For accomplishing the fifth research objective, a graphical interface that incorporates the ADWBM and ADWCPM to assist water planners and decision makers in water planning is developed (Chapter 7). Thus, a DSS for sustainable water planning is developed for the Emirate of Abu Dhabi (EAD), UAE and is named as

“Sustainable Water Budgeter for Abu Dhabi” (SuWaB-AD). With the strong movement toward more sustainable water planning and management, more water decision makers have realized the value of comprehensive models and decision support systems. This is a tool that incorporates economic and environmental criteria into the decision-making process and could help decision makers promote sustainability in water planning.

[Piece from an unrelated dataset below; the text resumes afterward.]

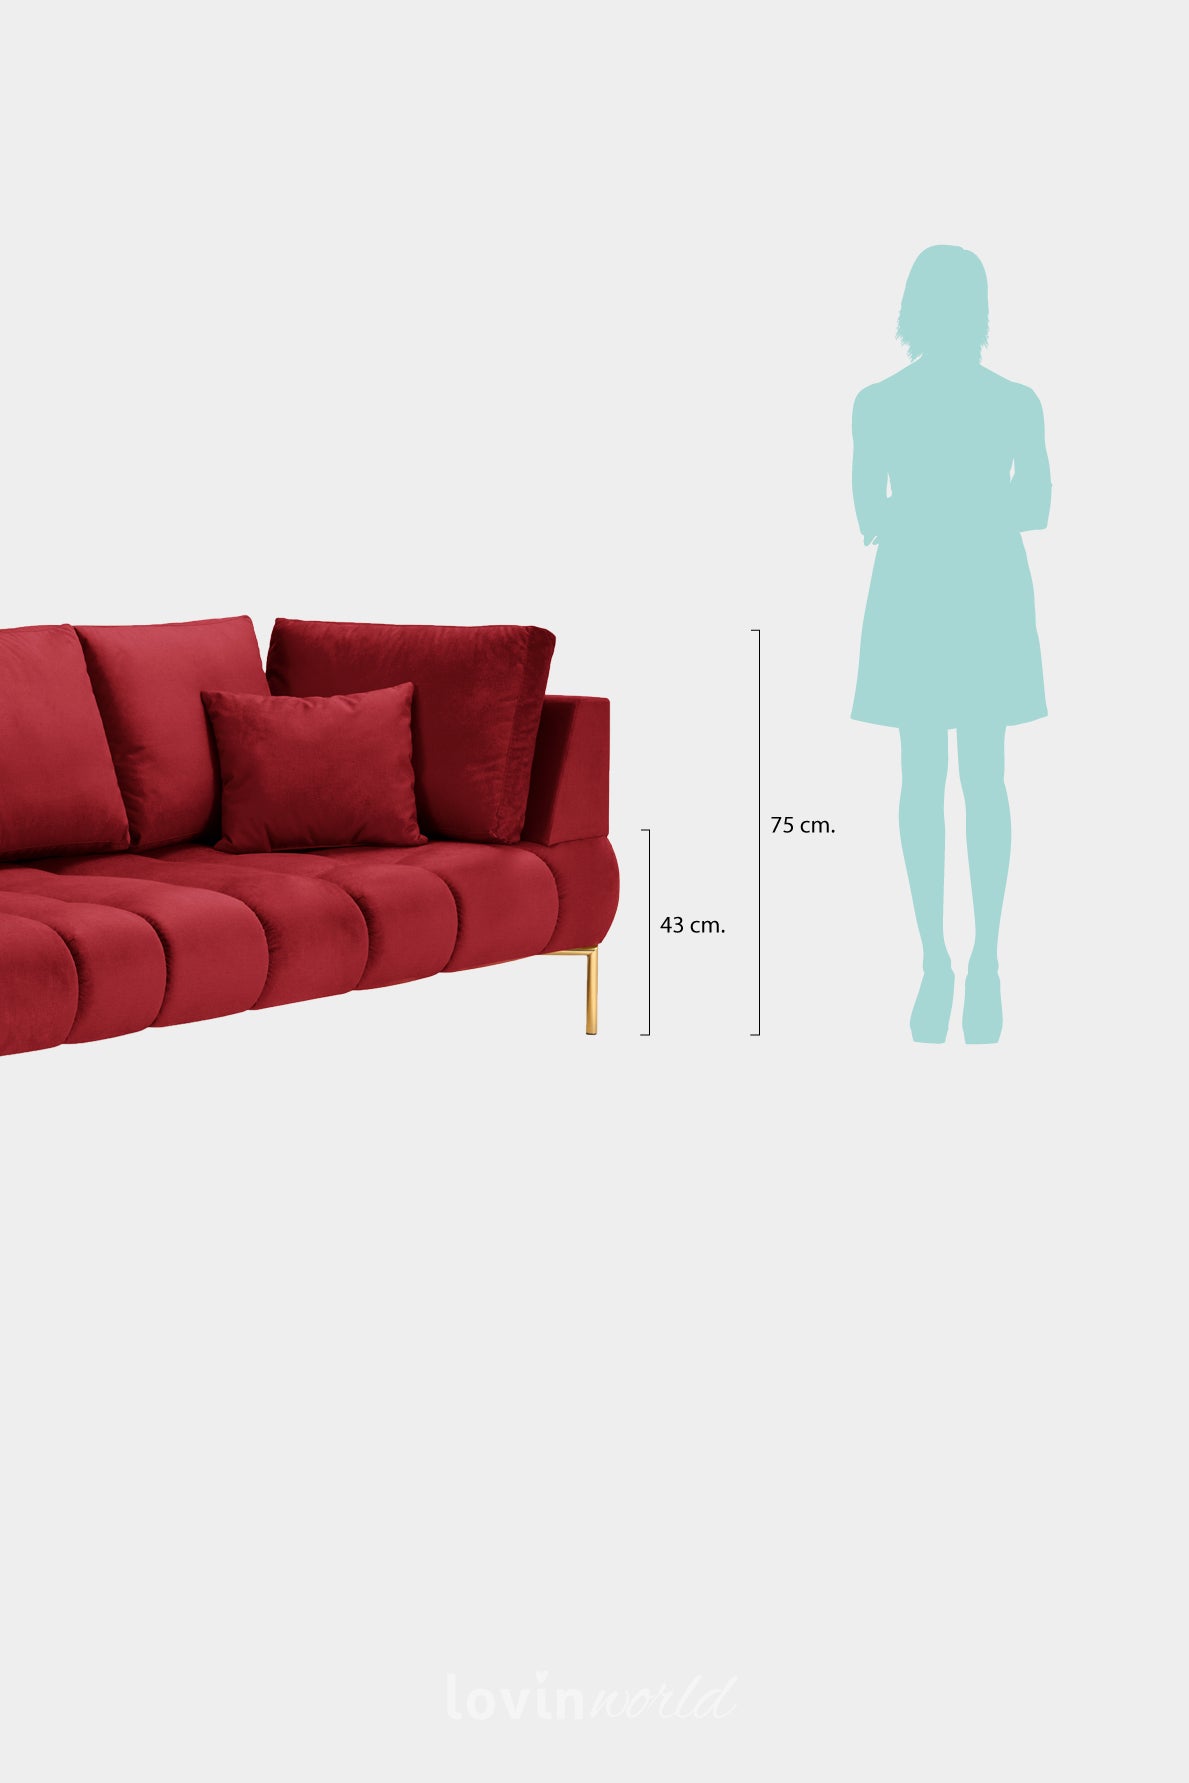 Chaise longue Malvin, in velluto rosso con gambe dorate-LovinWorld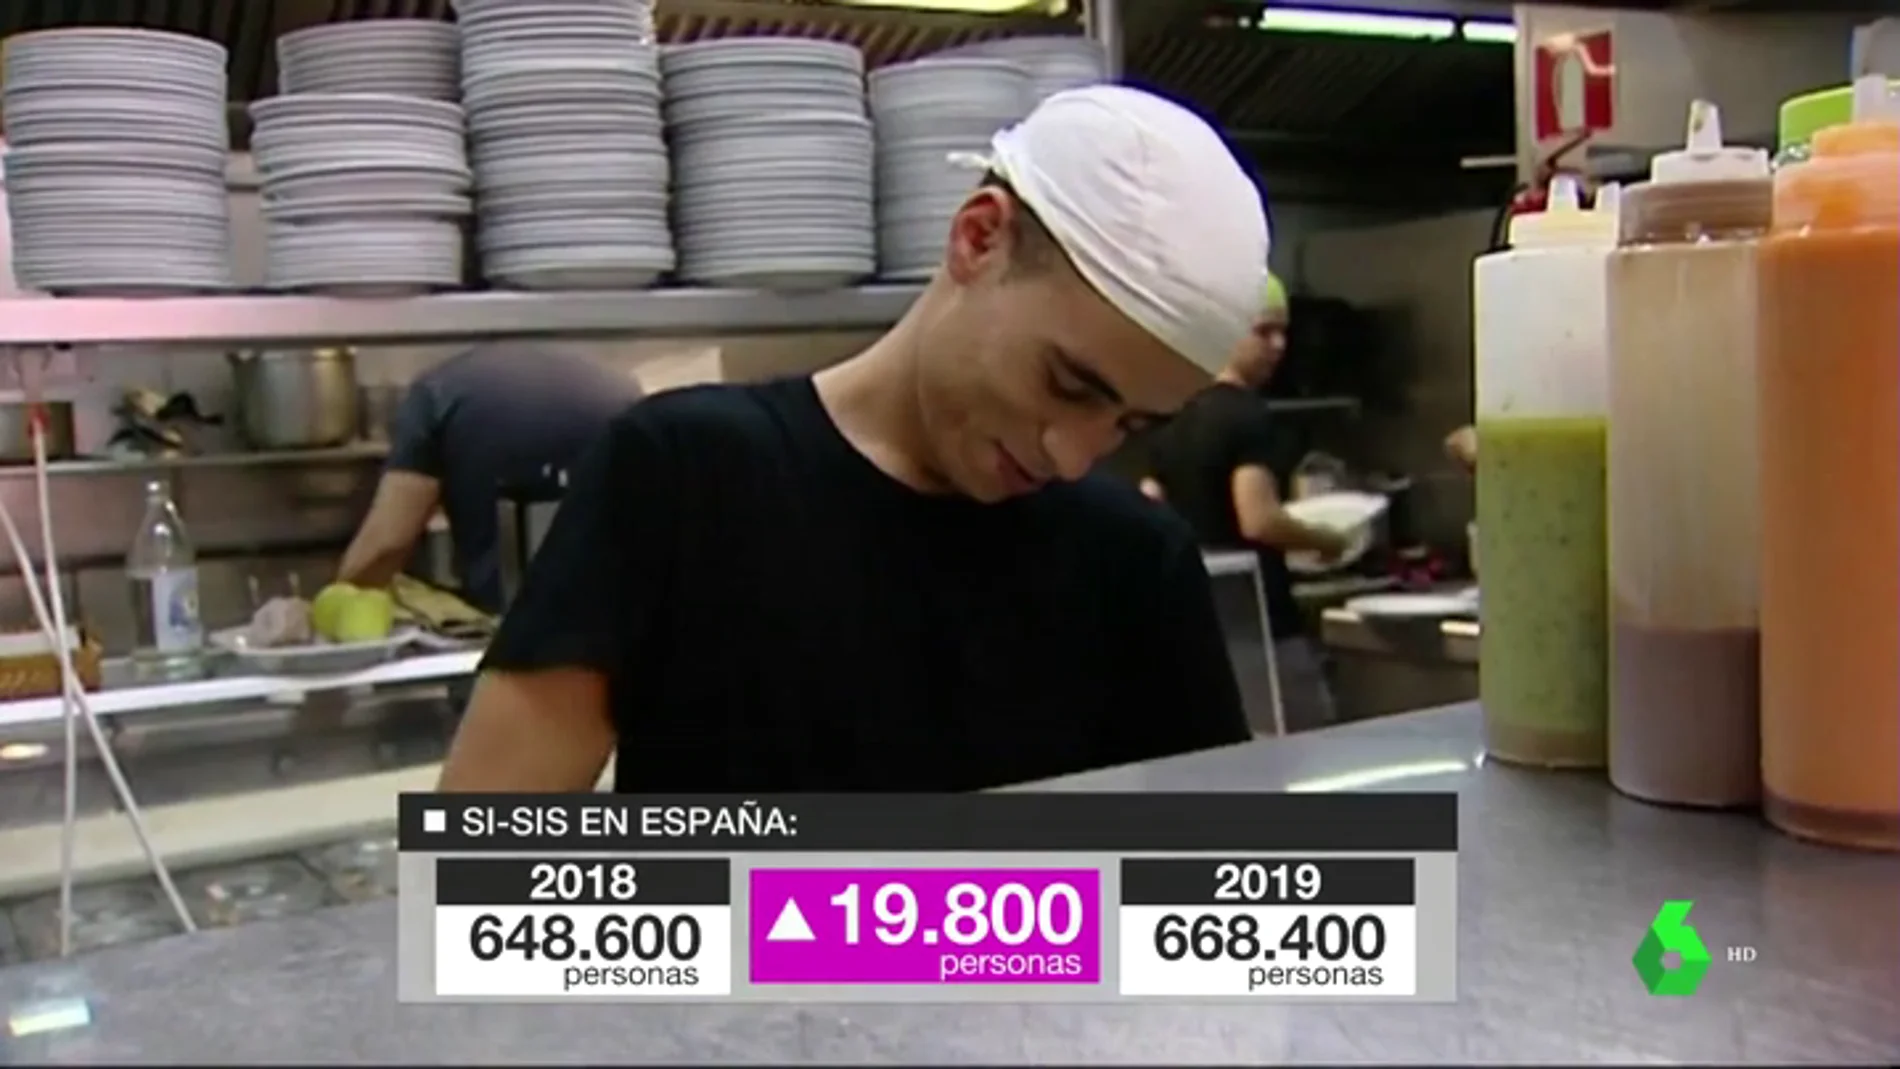 Los 'sisis' sustituyen a los 'ninis': en España ya hay 668.400 personas que estudian y trabajan

The final research objective was to demonstrate the use of the developed tool, SuWaB-AD, to: (i) perform scenario-based analysis by building future water scenarios using ADWBM, and (ii) find optimal planning solution for the analyzed scenarios using ADWCPM. SuWaB-AD as an integrated tool for long-term planning of infrastructure (such as water and wastewater treatment plants, and pipeline capacity) was used to simulate a future water scenario for Abu Dhabi and to solve for optimal capacity planning solution. The SuWaB-AD is helpful in sustainable management and planning of natural resources like groundwater. Since it incorporates the cost and environmental aspects into the decision-making process, it can be very useful in promoting sustainability among the decision-makers. Also, the case study showed that SuWaB-AD can be helpful to water decision-makers worldwide. The primary significance of the SuWaB-AD is its usefulness to policy makers in supporting sustainability plans.